BEGIN Source material

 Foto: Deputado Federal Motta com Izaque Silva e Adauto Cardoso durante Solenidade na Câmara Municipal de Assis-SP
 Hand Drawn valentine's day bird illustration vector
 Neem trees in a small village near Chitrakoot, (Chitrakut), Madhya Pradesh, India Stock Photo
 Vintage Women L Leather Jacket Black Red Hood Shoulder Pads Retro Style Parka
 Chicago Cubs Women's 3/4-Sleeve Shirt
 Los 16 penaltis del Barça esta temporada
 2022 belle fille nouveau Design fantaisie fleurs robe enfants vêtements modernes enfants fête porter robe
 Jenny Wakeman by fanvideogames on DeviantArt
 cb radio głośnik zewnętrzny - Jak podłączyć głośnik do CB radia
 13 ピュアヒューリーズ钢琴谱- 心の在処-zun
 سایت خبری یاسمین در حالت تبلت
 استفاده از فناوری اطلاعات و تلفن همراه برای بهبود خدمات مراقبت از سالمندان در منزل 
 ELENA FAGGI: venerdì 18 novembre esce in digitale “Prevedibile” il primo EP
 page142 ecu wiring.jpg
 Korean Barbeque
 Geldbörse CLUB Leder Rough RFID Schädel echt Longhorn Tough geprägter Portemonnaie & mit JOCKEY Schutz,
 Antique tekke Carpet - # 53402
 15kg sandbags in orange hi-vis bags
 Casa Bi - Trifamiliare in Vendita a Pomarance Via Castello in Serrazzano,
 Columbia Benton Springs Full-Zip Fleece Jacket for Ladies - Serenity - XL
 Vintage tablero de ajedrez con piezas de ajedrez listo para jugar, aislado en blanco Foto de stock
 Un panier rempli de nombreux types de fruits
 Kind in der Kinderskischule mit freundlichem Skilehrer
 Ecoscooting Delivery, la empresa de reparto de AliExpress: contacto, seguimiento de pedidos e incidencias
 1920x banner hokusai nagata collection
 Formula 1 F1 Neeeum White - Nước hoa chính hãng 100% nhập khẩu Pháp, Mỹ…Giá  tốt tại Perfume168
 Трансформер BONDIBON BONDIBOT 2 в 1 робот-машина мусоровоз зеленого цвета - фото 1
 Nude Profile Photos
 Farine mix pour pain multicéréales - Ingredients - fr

END Source material

• [Requirement]
When the line with "سایت خبری یاسمین در حالت تبلت" is reached in the data above, begin copying, and stop after the line with "Korean Barbeque"; copy each line exactly, both ends included.

• [Answer space]
 سایت خبری یاسمین در حالت تبلت
 استفاده از فناوری اطلاعات و تلفن همراه برای بهبود خدمات مراقبت از سالمندان در منزل 
 ELENA FAGGI: venerdì 18 novembre esce in digitale “Prevedibile” il primo EP
 page142 ecu wiring.jpg
 Korean Barbeque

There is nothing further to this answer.